The results of different classifiers for predicting organic lesions.

Model	accuracy	precision	Recall	F1	AUC
XGBoost	0.900	0.917	0.971	0.942	0.735
LightGBM	0.875	0.914	0.941	0.927	0.721
Decision tree	0.750	0.900	0.794	0.843	0.647
Logistic regression	0.850	0.889	0.941	0.6914	0.637
Random Forest	0.825	0.886	0.911	0.896	0.623
SVM	0.850	0.867	0.971	0.917	0.569
KNN	0.800	0.861	0.912	0.886	0.540

LightGBM: Light Gradient-Boosting Machine; SVM: support vector machine; KNN: k-nearest neighbours; XGBoost: eXtreme Gradient Boosting.

For the best-performing XGBoost model, SHAP analysis was employed to quantify and visualise the contribution of each feature to the prediction. The model identified /i/skew and /u/skew as the most significant contributors: higher /i/skew decreased the probability of vocal cord organic lesions, while higher /u/skew, /a/peak2valley, and /o/kurt also had a negative impact, although to a lesser extent. Low values of gastroesophageal reflux disease, sex, drinking, and smoking habits were associated with negative SHAP values, indicating a lower probability of lesions, while higher values increased the probability (Figure 7).

Figure 7.

SHAP summary plot in control vs vocal cord organic lesions.

Machine learning prediction model for benign and malignant vocal cord lesions

A model was developed to identify malignancy in organic lesions using 13 predictors, including acoustic features and clinical variables. The LightGBM model demonstrated the best performance, with an AUC of 0.924, accuracy of 0.924, precision of 0.935, and recall of 0.906 (Table 4, Figure 8).
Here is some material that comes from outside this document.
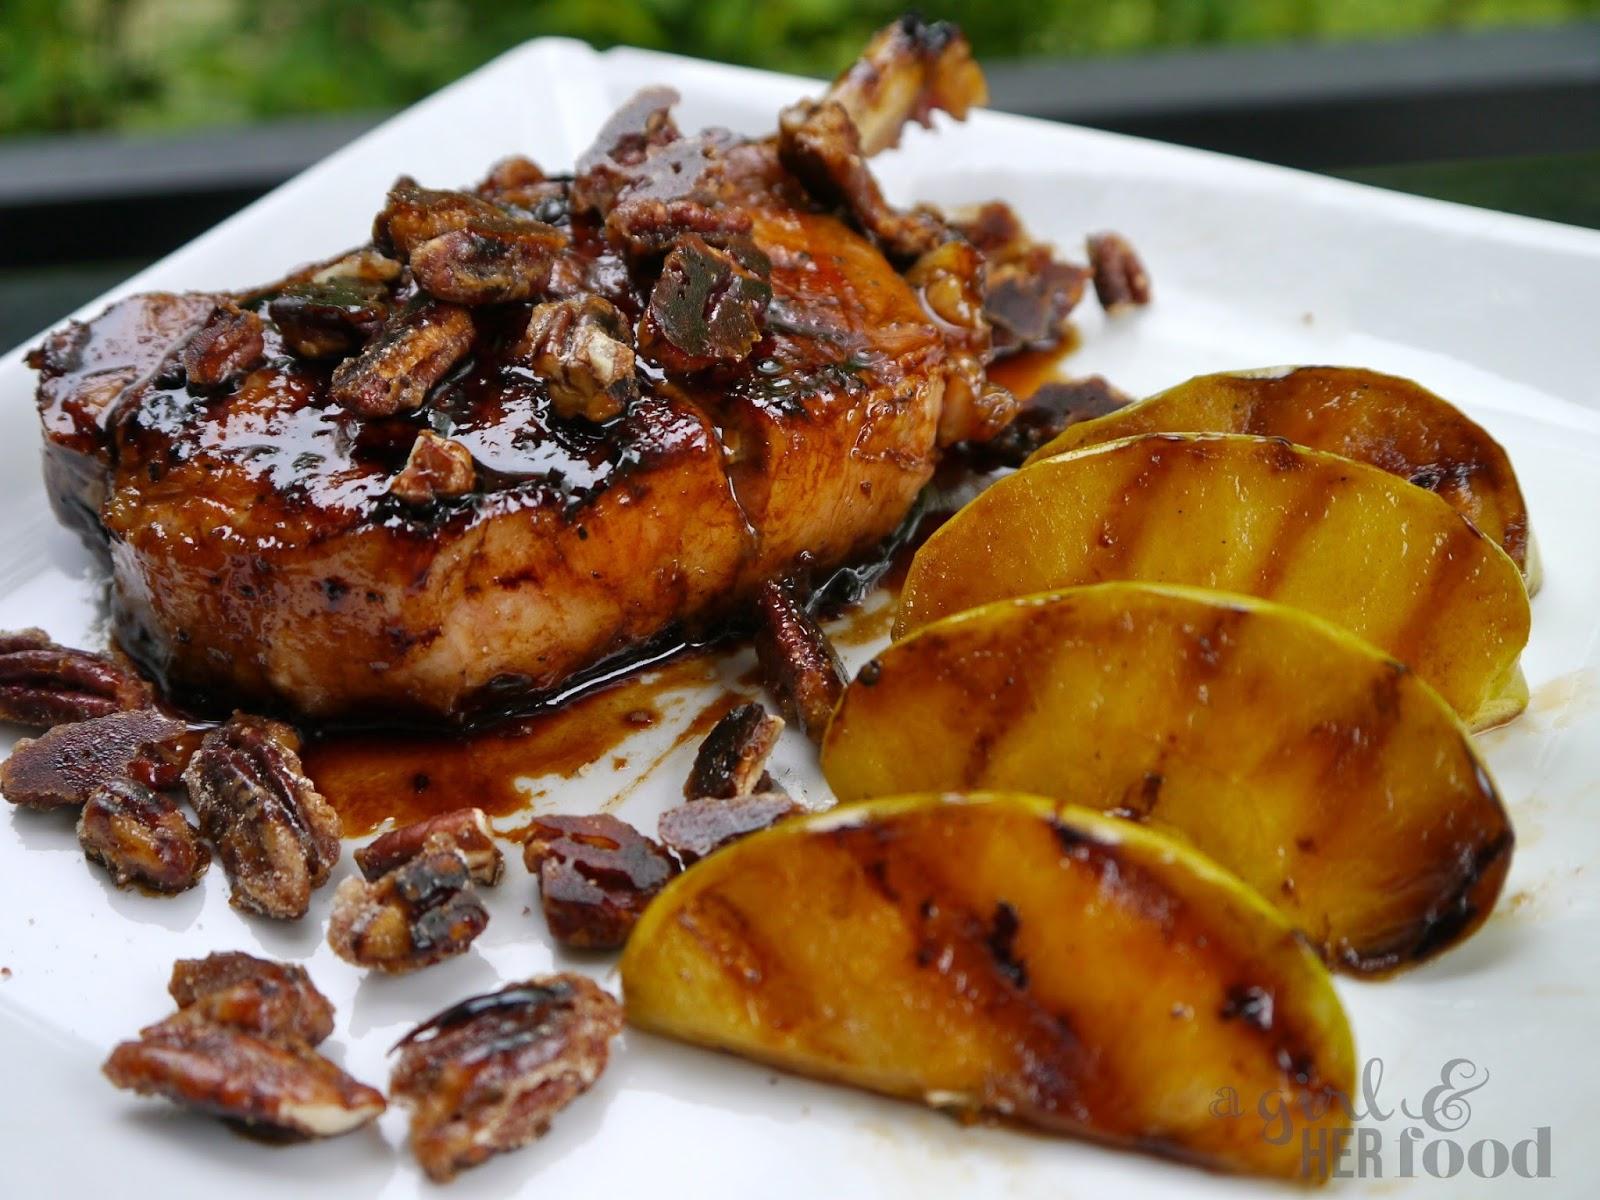 Girl & Her Food: Maple Glazed Pork Chops, Pecans & Green Apples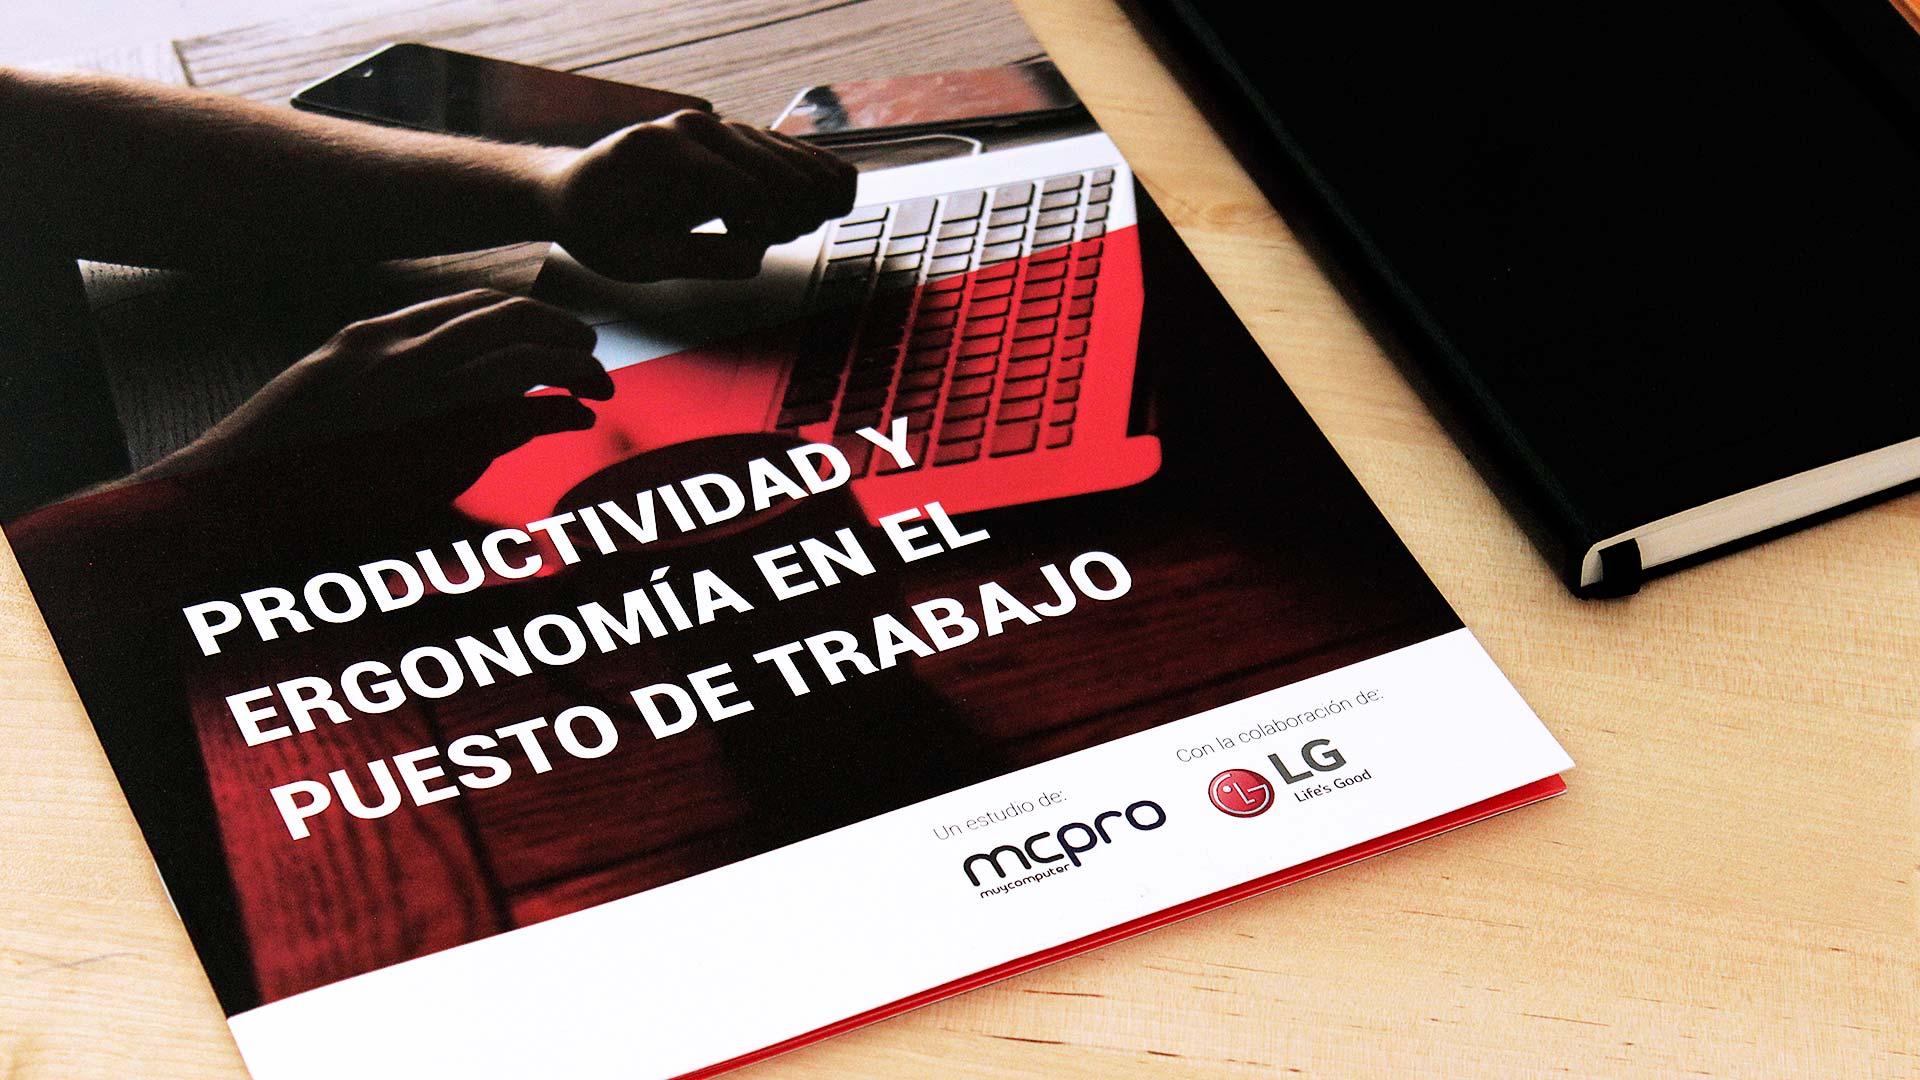 LG--content-marketing-informe-resumen-ejecutivo-ebook-ergonomia--2017_02

The DCA curve indicated that the model's clinical net benefit was significantly higher than comprehensive or no intervention strategies when the risk threshold was between 0.1 and 1 (Figure 9), highlighting its value for clinical decision-making. SHAP analysis revealed that age, drinking, male sex, and smoking had a significant impact on the prediction, with drinking contributing more strongly than smoking (Figure 10).

Figure 8.

ROC curve for predicting benign and malignant vocal cord lesions in models.

Figure 9.

DCA curve of LightGBM model.

Figure 10.

SHAP summary plot in benign versus malignant lesions of vocal.

Table 4.

The results of different classifiers for predicting benign and malignant vocal cord lesions.

Model	Accuracy	Precision	Recall	F1	AUC
LightGBM	0.924	0.935	0.906	0.920	0.924
KNN	0.910	0.861	0.967	0.912	0.911
Random Forest	0.910	0.964	0.844	0.900	0.907
XGBoost	0.893	0.903	0.876	0.889	0.894
SVM	0.879	0.929	0.812	0.867	0.878
Logistic regression	0.879	0.930	0.813	0.867	0.877
Decision tree	0.864	0.960	0.750	0.842	0.830

LightGBM: Light Gradient-Boosting Machine; SVM: support vector machine; KNN: k-nearest neighbours; XGBoost: eXtreme Gradient Boosting.

Discussion

Current diagnostic approaches for vocal cord lesions include clinical evaluations such as comprehensive interviews, perceptual voice assessments, laryngoscopy, aerodynamic testing, and laryngeal electromyography.²⁴ However, these methods can be labour-intensive and costly, which hinders early diagnosis and treatment. As a result, there is an urgent need for a simpler and more efficient method to support the preliminary diagnosis of vocal cord lesions.

Vocal cord lesions can have a profound impact on an individual's voice quality.²⁵ Objective acoustic analysis plays a crucial role in assessing these changes by analysing specific acoustic parameters that provide valuable insights into the vibratory patterns and closure dynamics of the vocal cords.²⁶ In this study, we analysed a cohort of 157 patients, comprising 127 individuals with confirmed organic vocal cord lesions (109 benign and 18 malignant) and an additional 30 patients presenting with various otorhinolaryngological conditions. Significant differences were observed in demographic variables such as age, gender, smoking, and drinking habits between the control and lesion groups. These differences suggest that demographic factors may play a role in the development of vocal cord lesions. For example, older age and male gender were more prevalent in the malignant lesion group, highlighting potential risk factors.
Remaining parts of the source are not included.